▸ MATERIAL PROVIDED:
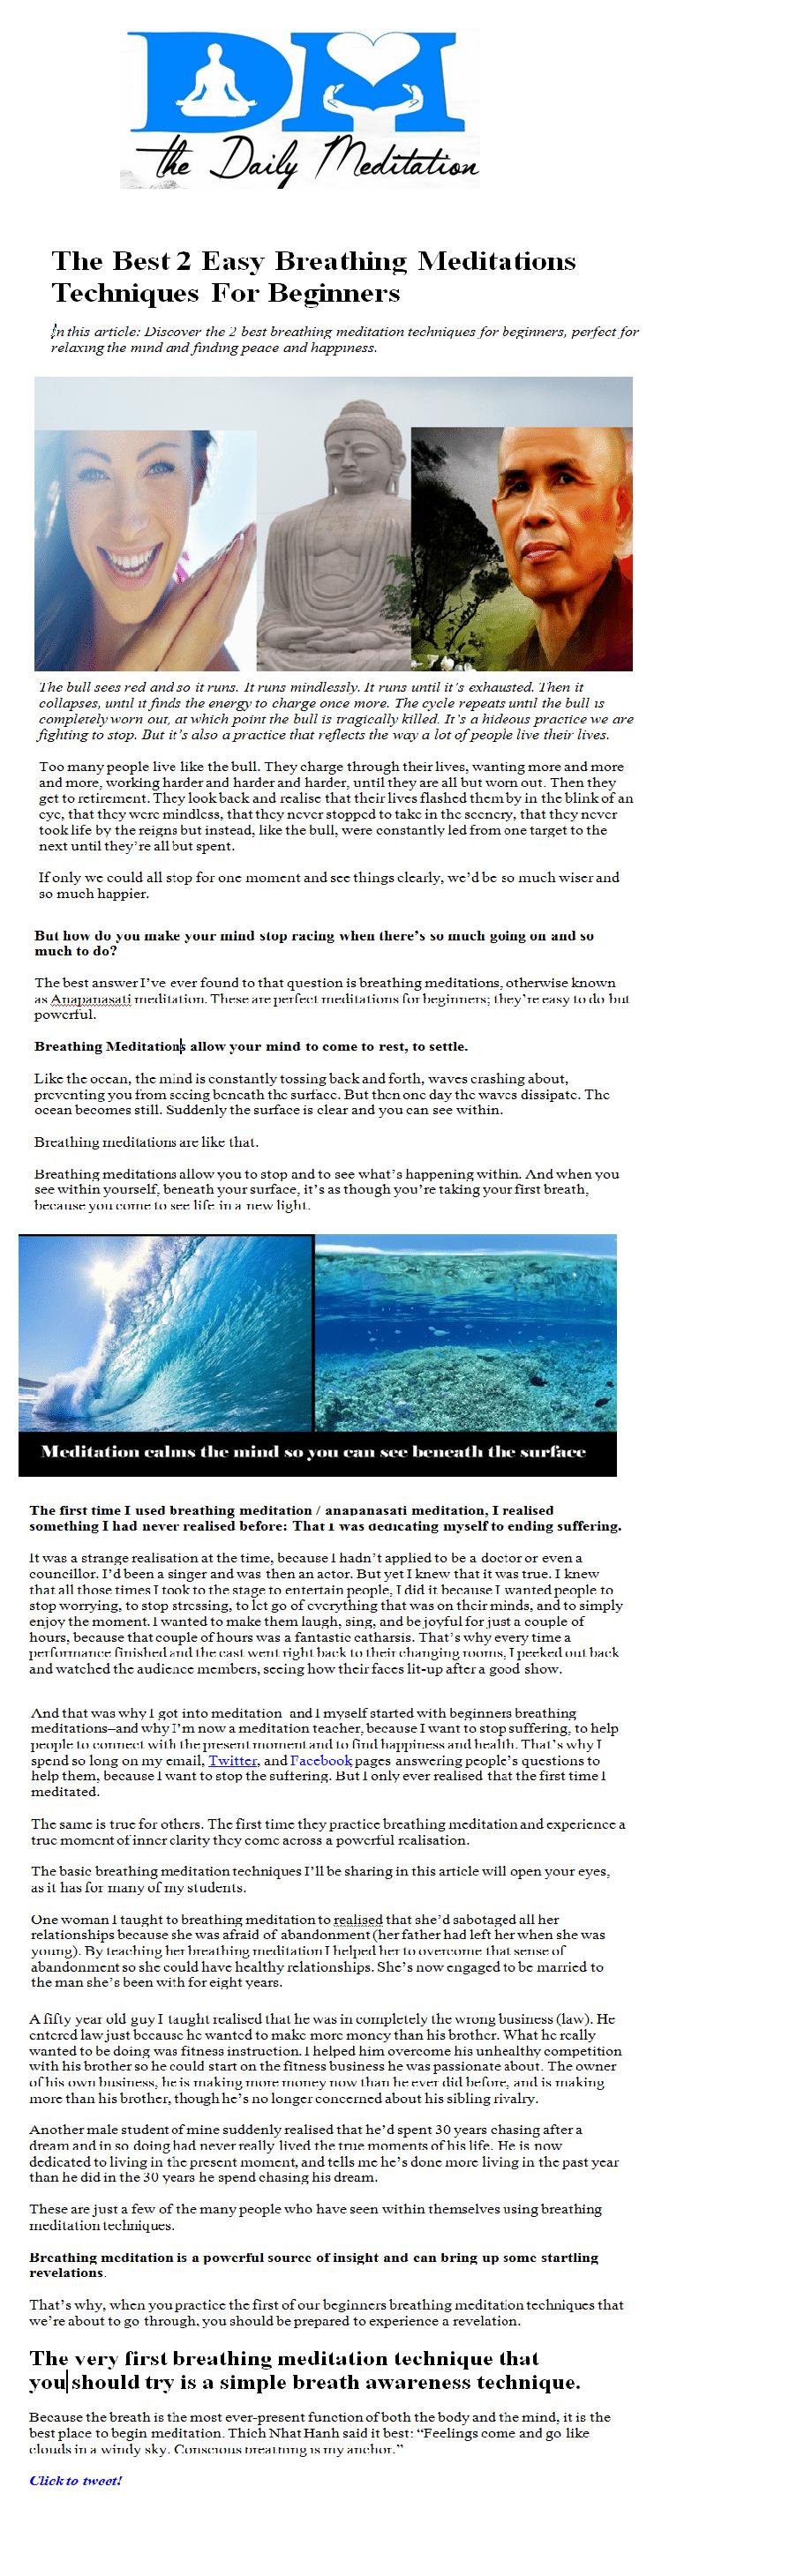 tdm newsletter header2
...
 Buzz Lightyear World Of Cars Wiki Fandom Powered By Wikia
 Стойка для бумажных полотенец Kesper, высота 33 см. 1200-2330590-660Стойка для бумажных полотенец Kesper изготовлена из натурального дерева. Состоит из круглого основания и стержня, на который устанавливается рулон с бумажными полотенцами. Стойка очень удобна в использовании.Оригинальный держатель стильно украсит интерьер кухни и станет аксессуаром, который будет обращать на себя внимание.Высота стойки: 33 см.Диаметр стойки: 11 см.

▸ EXERCISE: Take from the material above the lines running from the one with "Buzz Lightyear World" through the one with "Стойка для бумажных полотенец Kesper, высота", and repeat them exactly, with nothing else.

▸ YOUR SOLUTION:
 Buzz Lightyear World Of Cars Wiki Fandom Powered By Wikia
 Стойка для бумажных полотенец Kesper, высота 33 см. 1200-2330590-660Стойка для бумажных полотенец Kesper изготовлена из натурального дерева. Состоит из круглого основания и стержня, на который устанавливается рулон с бумажными полотенцами. Стойка очень удобна в использовании.Оригинальный держатель стильно украсит интерьер кухни и станет аксессуаром, который будет обращать на себя внимание.Высота стойки: 33 см.Диаметр стойки: 11 см.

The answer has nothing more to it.